The race then settled in for 56 laps of incredible competition. Jenson Button miraculously fought his way up to the front to lead the race for a while but poor pit strategy put him back to fifth by the time the checkered flag flew over the race’s winner, Lewis Hamilton. Meanwhile another contest had been brewing, which I had managed to win by procuring the number of the most attractive woman in the luxury boxes—all of them. The technique involved brashly climbing over and through George Lucas’s private balcony to single her out amongst the big watches and wealthy Argentines occupying the suite where she had been capturing the attentions of every red-blooded man in attendance.
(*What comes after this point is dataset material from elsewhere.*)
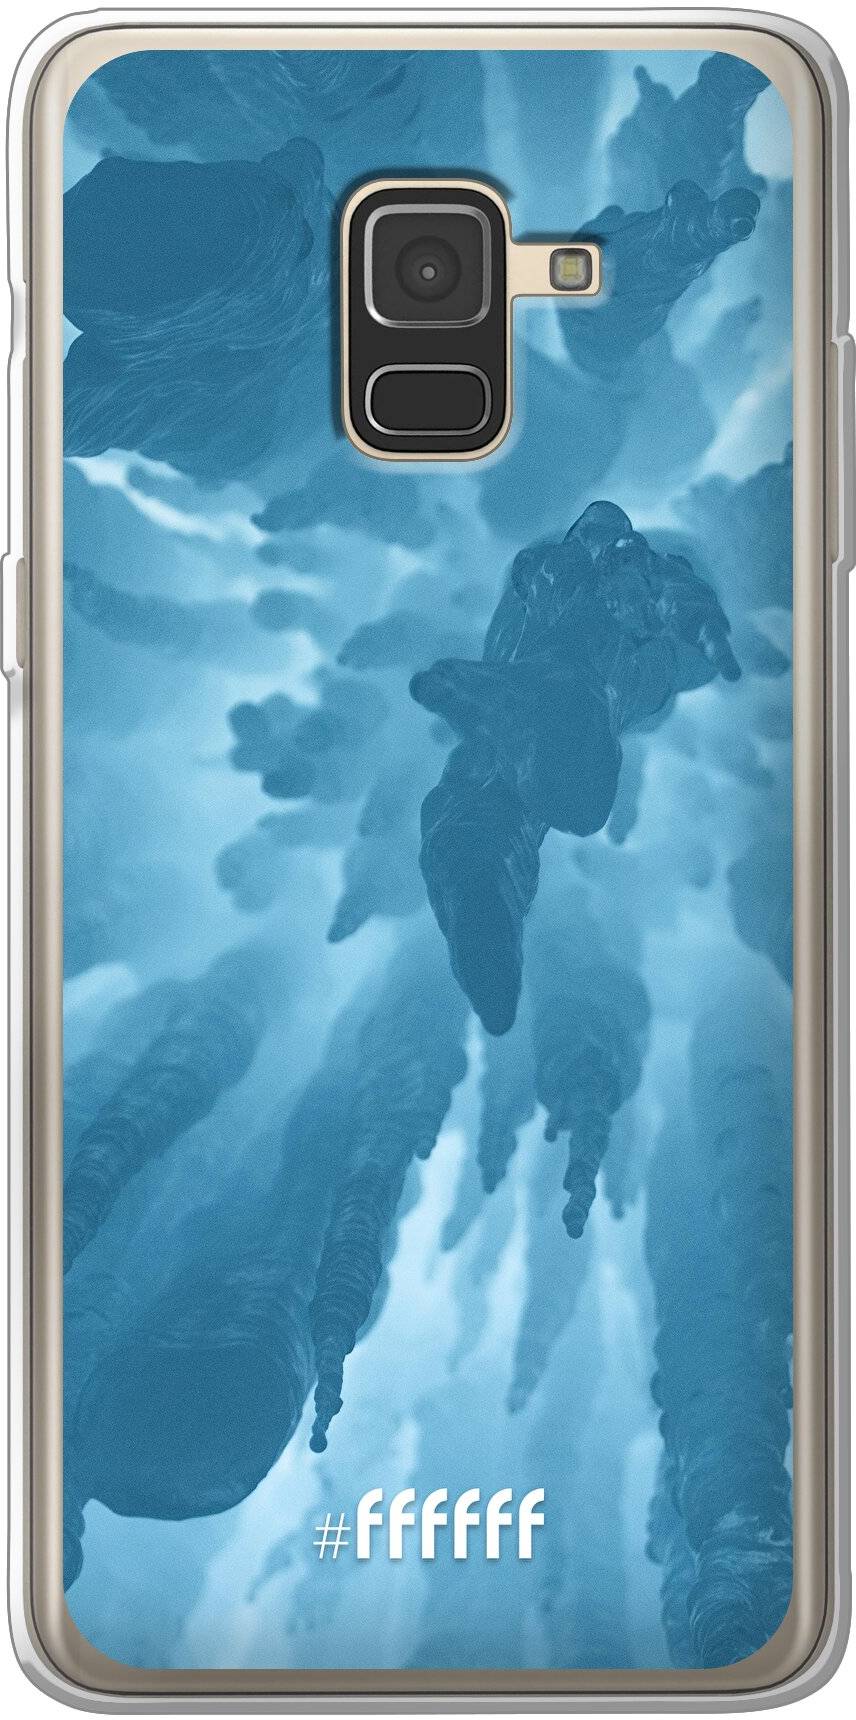 Ice Stalactite Galaxy A8 (2018)
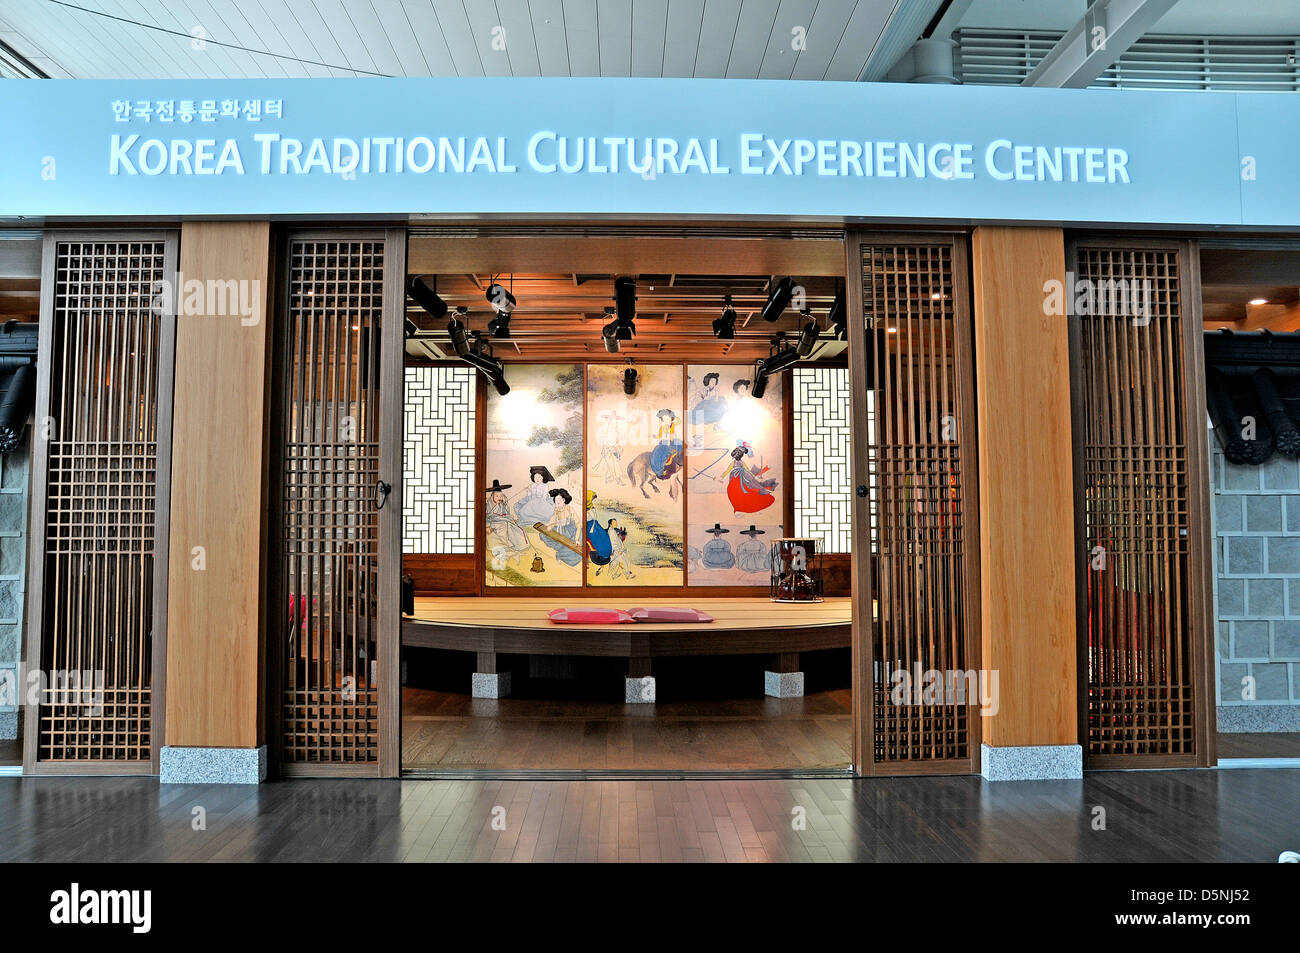 Korea traditional cultural experience center Incheon international airport South Korea Stock Photo

My own pit strategy was impeccable, if I say so myself.
With the Sunday sun setting the Gulfstream lifted off with two more passengers on board—German Claus and Matt Le Blanc. Stories were told that had to be sworn to secrecy and, over champagne and snacks, plans for future misadventures were hatched. One thing all our party agreed upon though—if you want to enjoy the drama of the race action of Formula One, stay home and watch it on your television. If you want to meet insanely interesting people, have absurd adventures, and make lots of new friends—not to mention appreciate at first hand the sights and sounds of one of the world’s greatest sporting spectacles, then I suggest you make some suitable arrangements for New Jersey, 2013.